After she reported the assault, a more senior officer told her the case would not be pursued because she had been drinking and dancing with the perpetrator prior to the assault. “They pretty much blamed me for what he’d done,” she says.

In 2020, Laura*, 36, transferred forces and moved 200 miles to escape her officer ex. He had been controlling while they were together but, she says, his abuse escalated after their break-up: he filled up her phone with threatening and pleading voice notes and constantly posted items, including a knife, to her home. “Sometimes he was sitting on the step when I got back. I was scared every minute of every day,” she says.

She never officially reported his abuse, she says, because colleagues who knew about the behaviour downplayed it or emphasised what a good friend her ex-partner was.

“When I moved I felt like I could breathe again. It was like life was draining back into me,” she says. But two years later she received a late-night phone call from a withheld number – not, as Laura initially feared, from her former partner but from her former boss.

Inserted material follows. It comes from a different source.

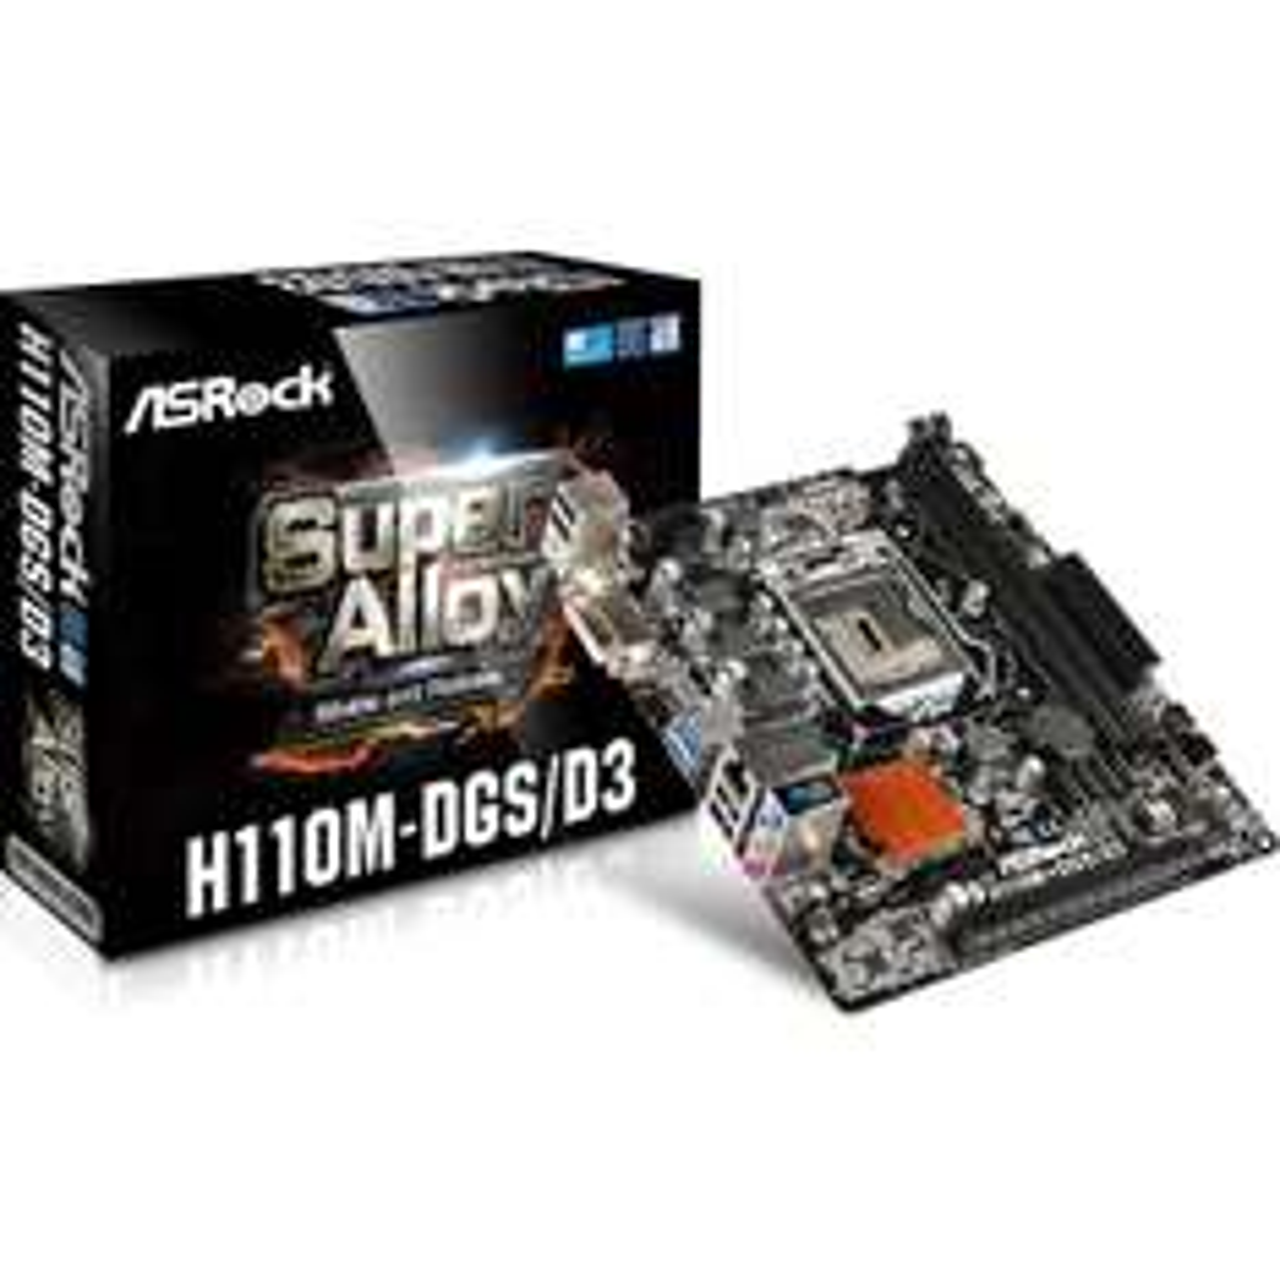 ASRock H110M-DGS/D3 Intel H110 So.1151 INTEL SKYLAKE für 29,00 im Mindstar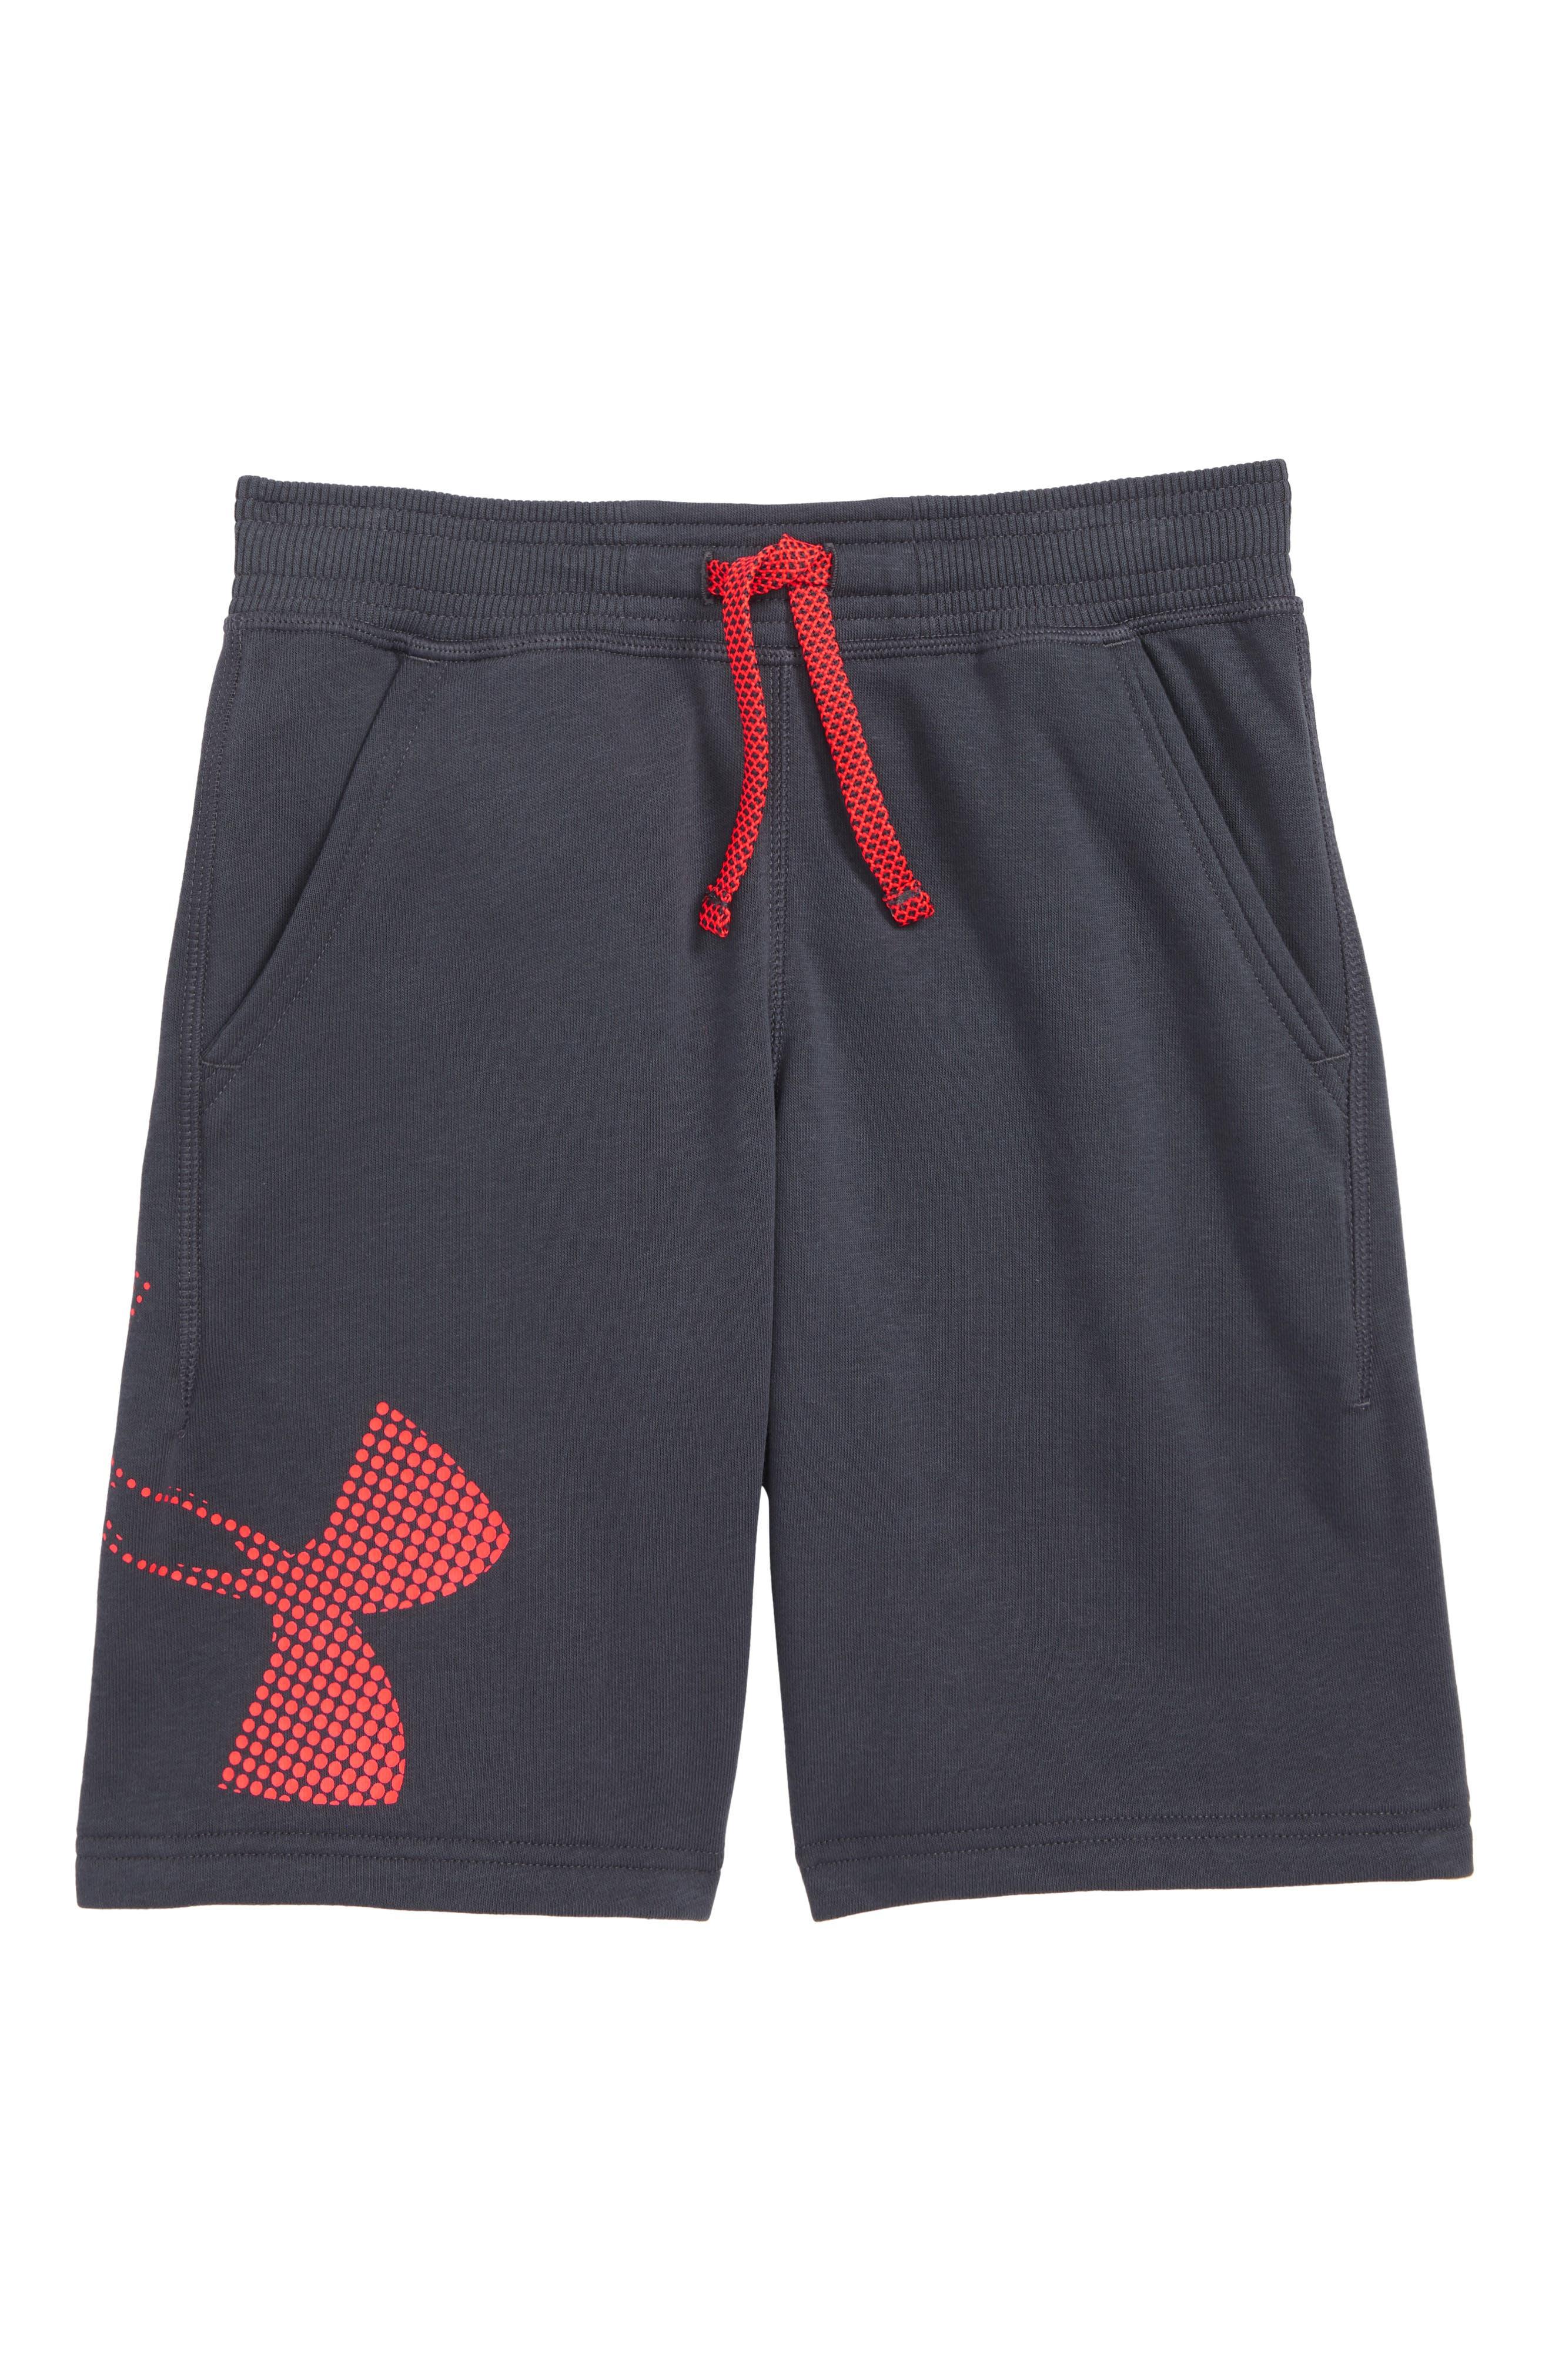 Under Armour Graphic Knit Shorts (Little Boys & Big Boys)

“[They] said: ‘We have to look like we’re rooting these guys out now’, since the Everard case. They said it was my duty to report his past behaviour, even though I explained it could trigger him again and possibly expose where I’d gone. They told me I ‘owed it to Sarah Everard’.”

Laura says she understands “in the abstract” that officers have a duty to report any crime they experience. “But on the other hand I have to look out for myself and my own safety - and I just didn’t trust that it would make anything better for me… It didn’t seem to me like much had actually changed internally, except that people talked more about looking like we were doing something [about violence against women].”

A few months later, having had no updates on her report, Laura began receiving threatening text messages from an unknown number that she believes belonged to her ex. She updated the complaint with her former force and received a holding email in response. Her new bosses were supportive, she says, but reluctant to interfere in another force’s investigation.

‘I hoped what happened to Sarah would lead to real change. I haven’t seen any evidence of that’

‘I hoped what happened to Sarah would lead to real change. I haven’t seen any evidence of that’

Jodie, police officer

Five years on from Everard’s murder and the promise of widespread reform, the women are pessimistic about how much has actually changed in policing. Three have since left the force, traumatised by their experiences and with little faith that they will ever see justice.

Harriet Wistrich, CEO of the Centre for Women’s Justice, which submitted a 2020 super-complaint into the issue of police-perpetrated abuse, said she was not surprised “that women are still being failed and victimised, as we are seeing these patterns persist despite all the reforms”. But, she said, it was “shocking they are using Sarah Everard’s name to justify their treatment of these women”.

A spokesperson for the NPCC told The Observer that while policing had taken “significant action” on misconduct, vetting and values, “we know there is more for us to do and further for us to go”.

As far as Jodie is aware, her former partner was never revetted – or at least she never saw him face any consequences for the allegations she made against him. She still works in policing, but the years since Everard’s murder have been some of the hardest of her career.

“It broke my heart what happened to Sarah,” she says. “I hoped it would lead to real change for victims like me who could relate to her. But I haven’t seen any evidence of that yet.”